Abstract 16664: Cyclophilin D Binds to Tufm and Suppresses Mitochondrial Translation
Objectives: Cyclophilin D (CypD) has been considered a pivotal regulator of the mitochondrial permeability transition pore (mPTP) and also affects protein structure through its peptidyl prolyl isomerase activity. Despite its importance, the CypD protein interactome has not been well characterized. The purpose of this study is to find unequivocal CypD interaction partners and explore the biological implications of the interactions.
Methods: Mitochondrial lysate from WT and CypD KO mice was separated on blue native PAGE (BNP). CyPD-specific and cyclosporin A (CsA)-sensitive complexes on BNP were then sequenced on LC-MS. The identified candidates were overexpressed with tag in HEK cells and co-immunoprecipitation (Co-IP) was used for cross confirmation.
Results: The majority of the CyPD-specific, cyclosporin A (CsA)-sensitive complexes migrated near 400kD on BNP. LC-MS identified Tufm, HSP60, and stress 70 as the main partners in the CypD Complex. Co-IP employing tagged CypD overexpression in HEK cells successfully pulled down all three partners; however, only the Tufm interaction was sensitive to CsA treatment in isolated mitochondria. Immunoblots showed that CypD overexpression significantly suppressed the translation of mitochondrial proteins, as indicated by a decreased abundance of mitochondrially-encoded proteins such as ND6, COXI, COXII and ATP8. This suppression could be reversed by CypD inhibitor, CsA (200 nM) treatment. Tufm was associated with a very large complex on BNP after in vitro treatment of isolated mitochondria with Ca2+.
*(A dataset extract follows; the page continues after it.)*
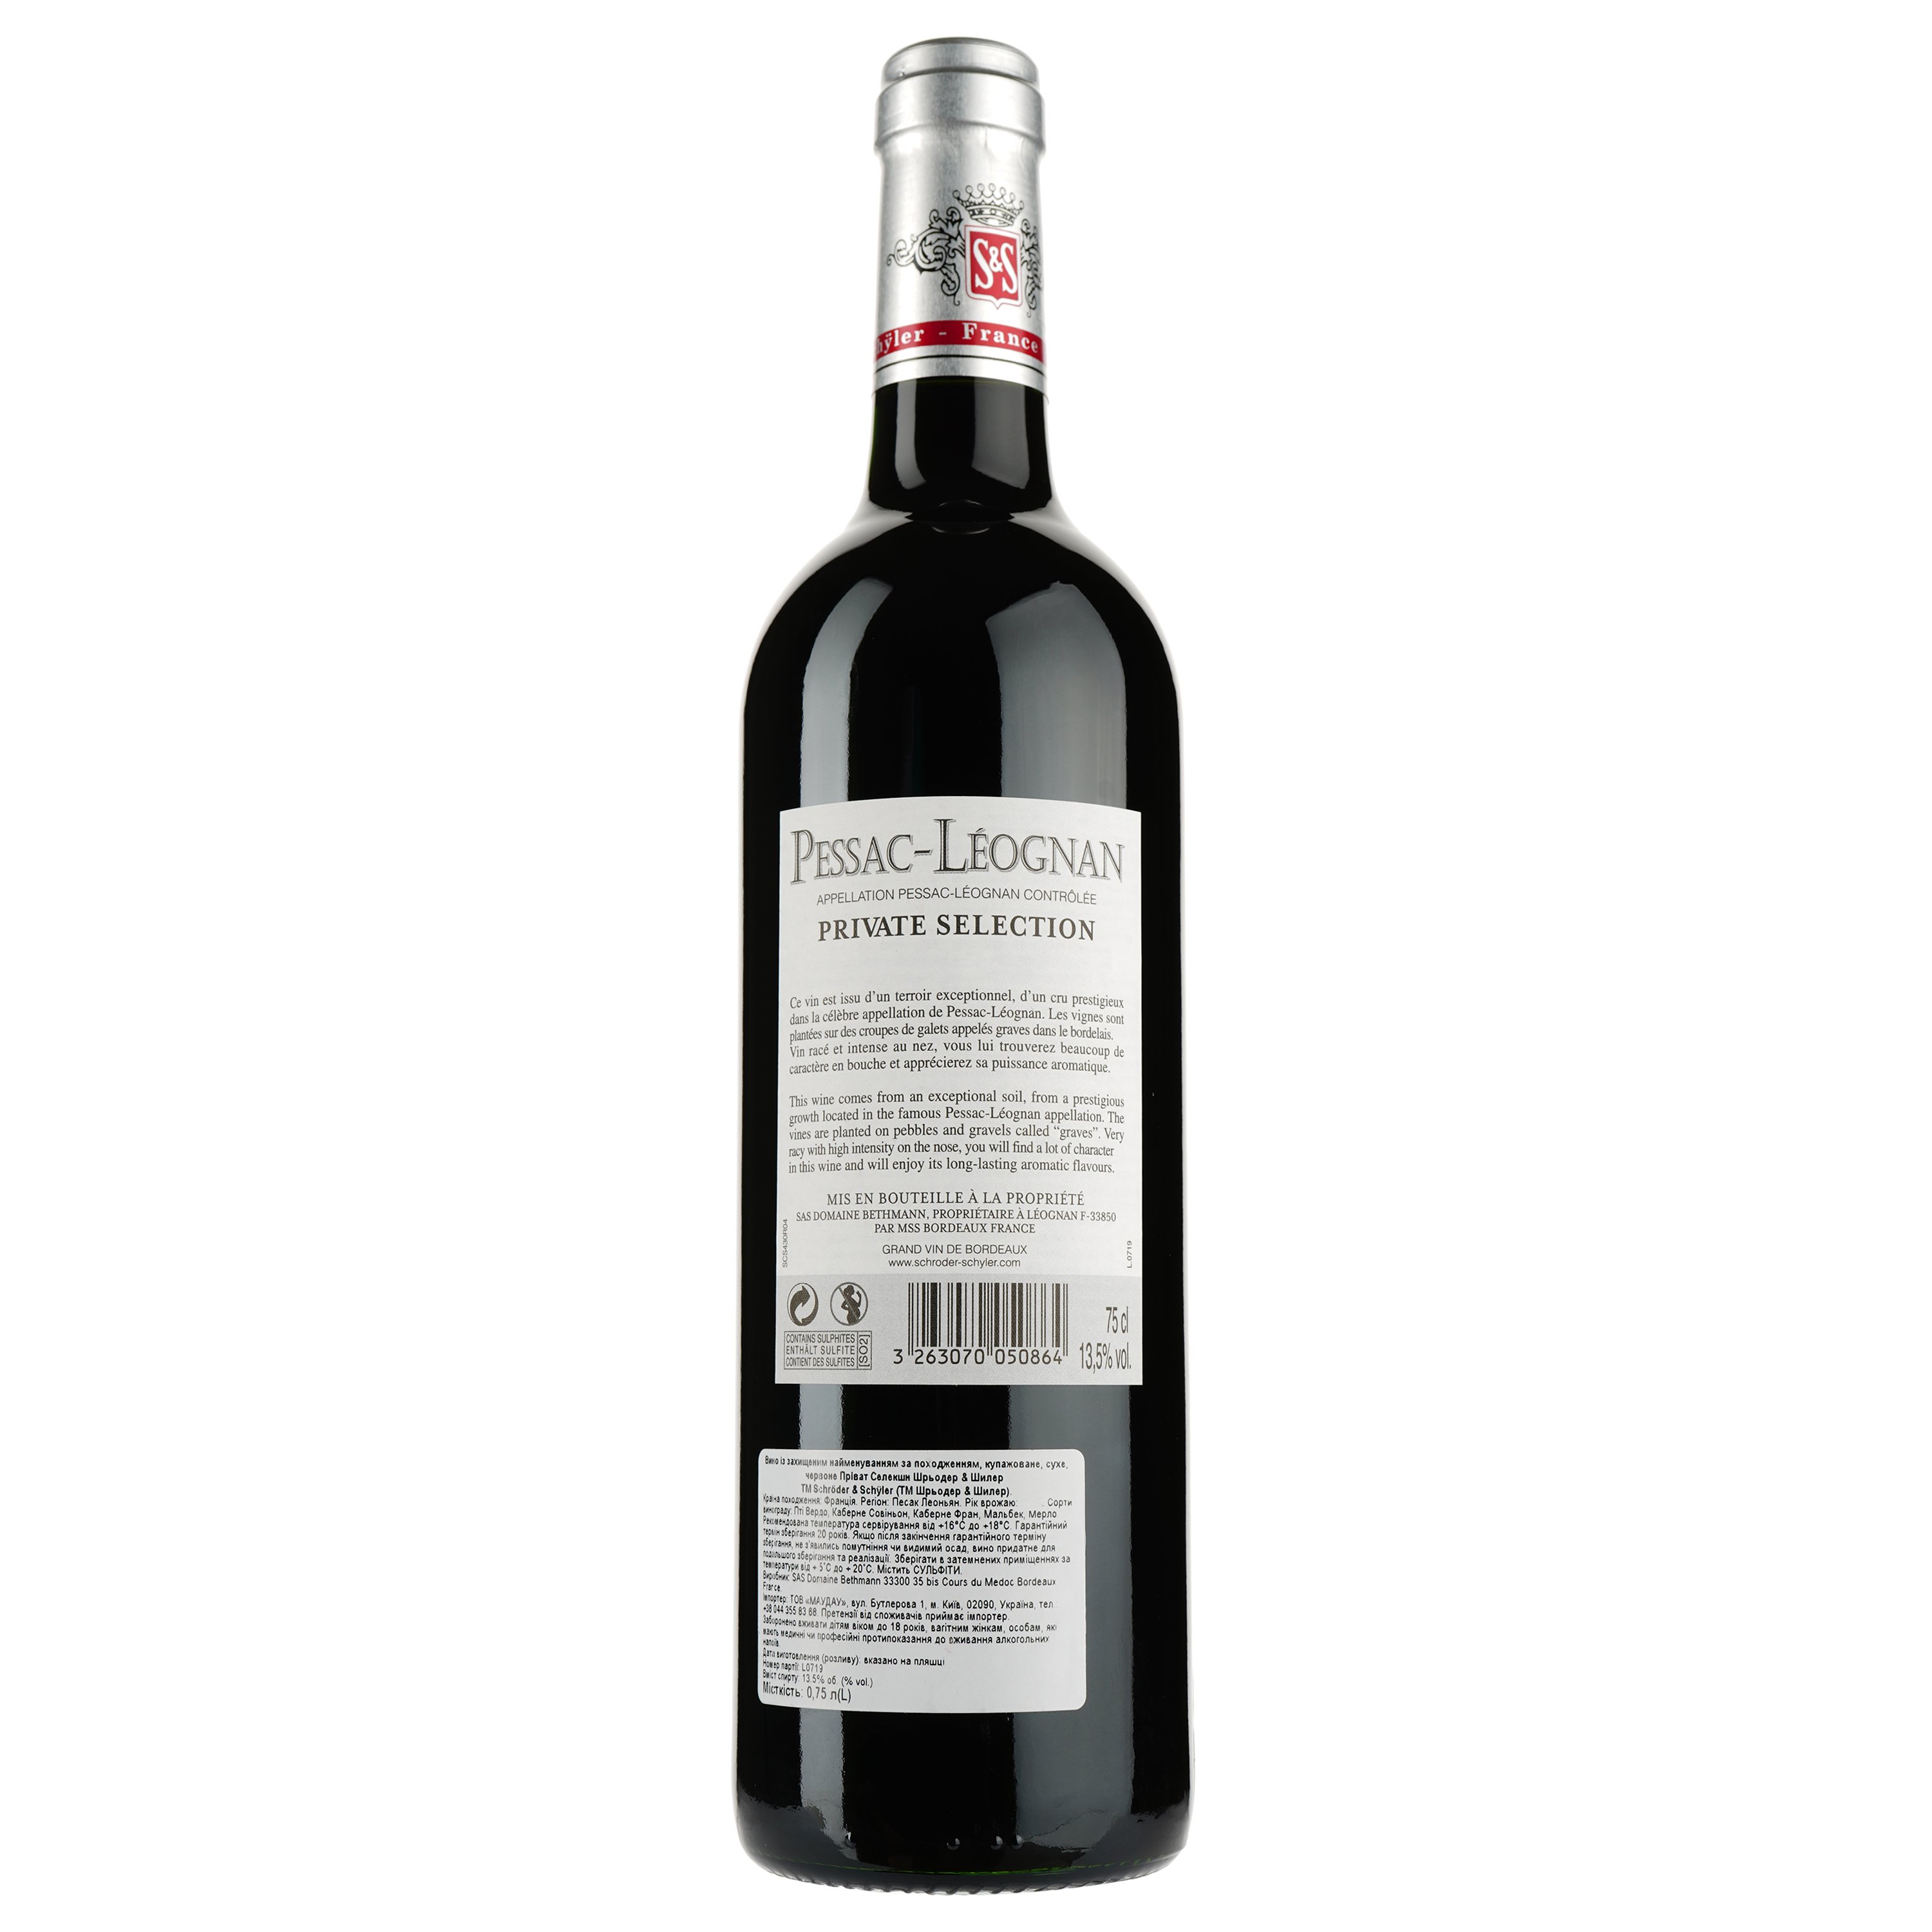 Вино Private Selection Schröder&Schÿler AOP Pessac-Leognan 2013, красное, сухое, 0,75 л - фото 2

Conclusions: CypD binds to Tufm and suppresses mitochondrial translation. CypD is actively involved in the regulation of mitochondria respiratory chain function.
Author Disclosures: S. Wang: None. A. Wei: None. Z. Fu: None. J. Ruker: None. B.D. Foster: None. B. O’Rourke: None. J.E. Van Eyk: None.
- © 2014 by American Heart Association, Inc.